How does Flowfile avoid re-reading the same Kafka messages on each run?
It uses Kafka consumer groups. Each Kafka Source node has a sync_name, which becomes the consumer group ID on the broker. After a flow finishes successfully, Flowfile commits the new offsets for that group. The next run starts from the committed position. If the downstream flow fails, the commit is skipped and the messages are consumed again on retry.
What security options does the Kafka connection support?

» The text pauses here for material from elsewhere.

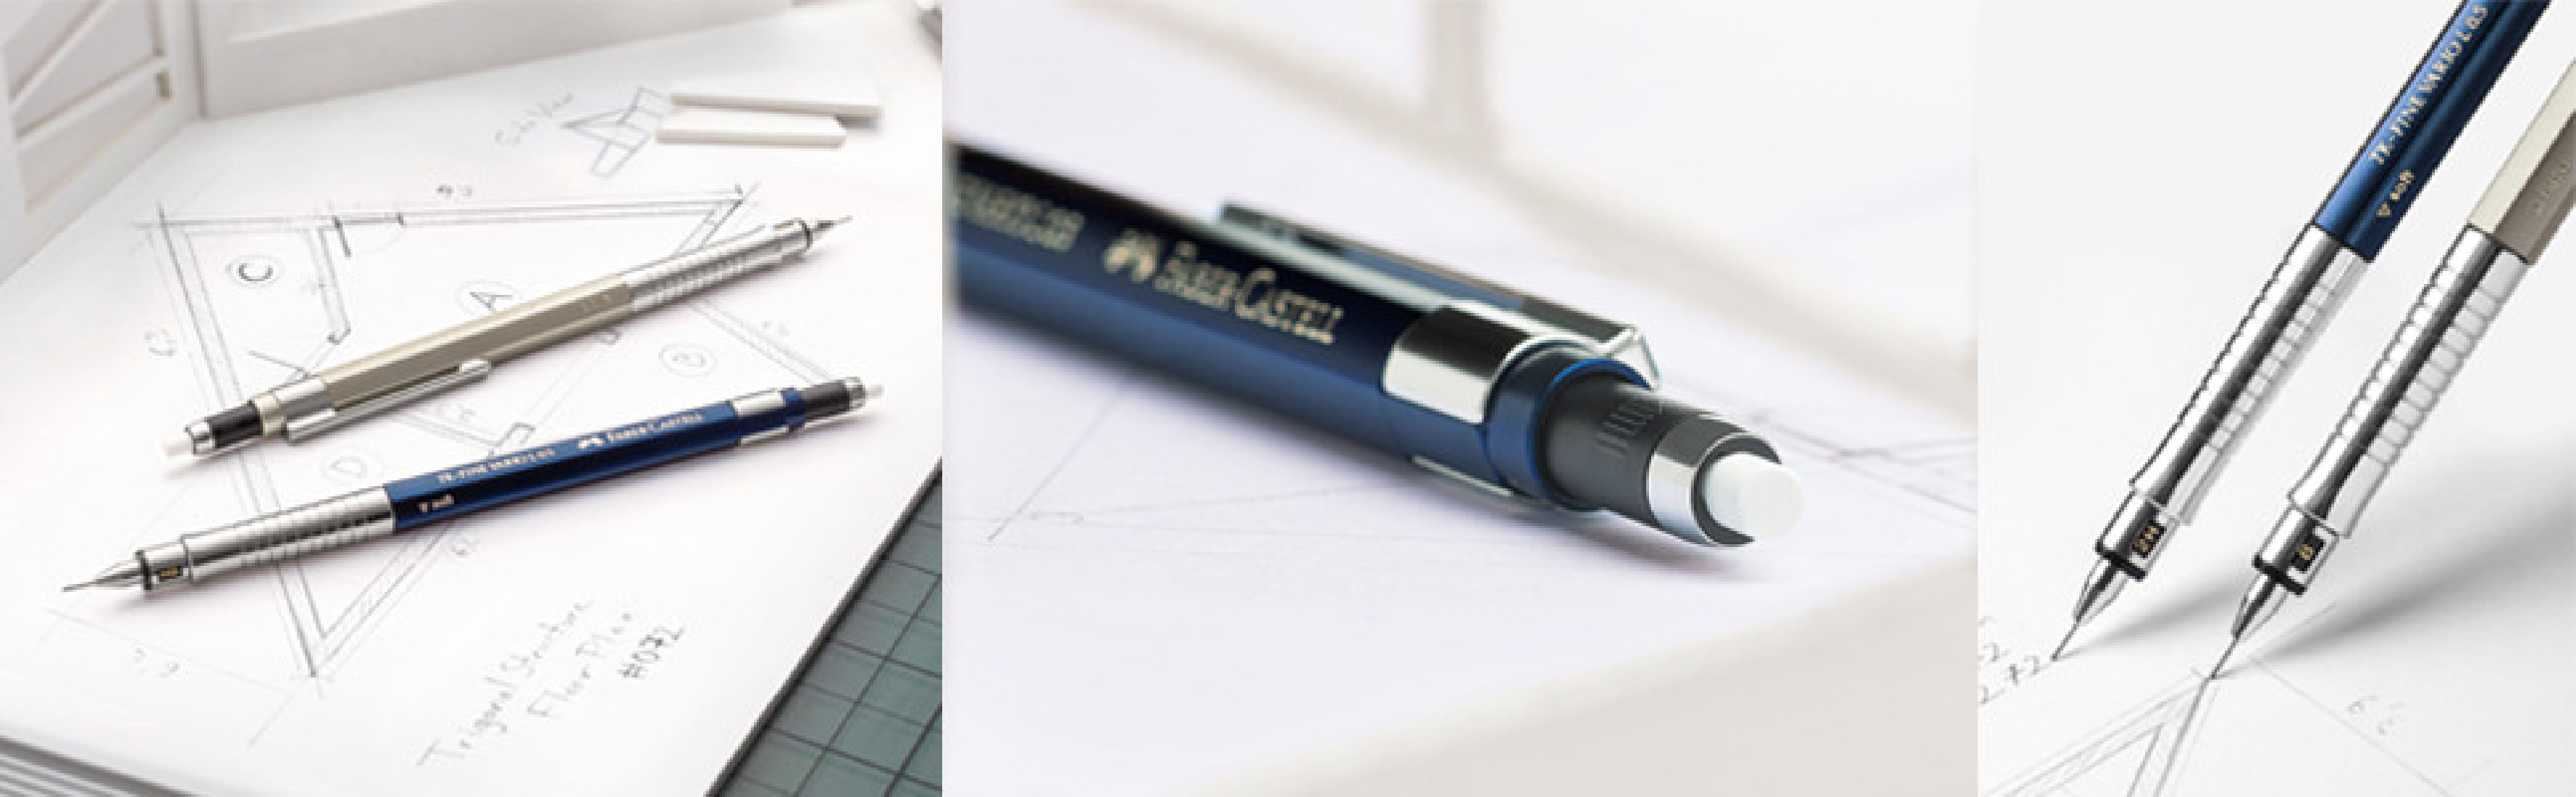 Faber-Castell TK-Fine Vario L 135740 Mechanical Pencil 0.7 mm Oro Champagne Lead Pencil with Soft/Hard Mechanism

The standard set: PLAINTEXT, SSL, SASL_PLAINTEXT, and SASL_SSL. SASL mechanisms exposed in the UI are PLAIN, SCRAM-SHA-256, and SCRAM-SHA-512. Passwords and SSL key PEMs are stored Fernet-encrypted and only decrypted at the point of use.
Can Flowfile produce messages back to Kafka?
Not today. The Kafka integration is consumer-only. Flowfile reads from Kafka, transforms with Polars, and lands into Delta, Parquet, databases, or the catalog, but it doesn't publish back to a Kafka topic.
Can I consume Kafka from Flowfile's Python API?
Yes, via ff.read_kafka(connection_name, topic_name=..., ...). The Python helper resolves a stored connection by name, creates a Kafka source node in the flow graph, and returns a FlowFrame — the same object you'd use with any other source.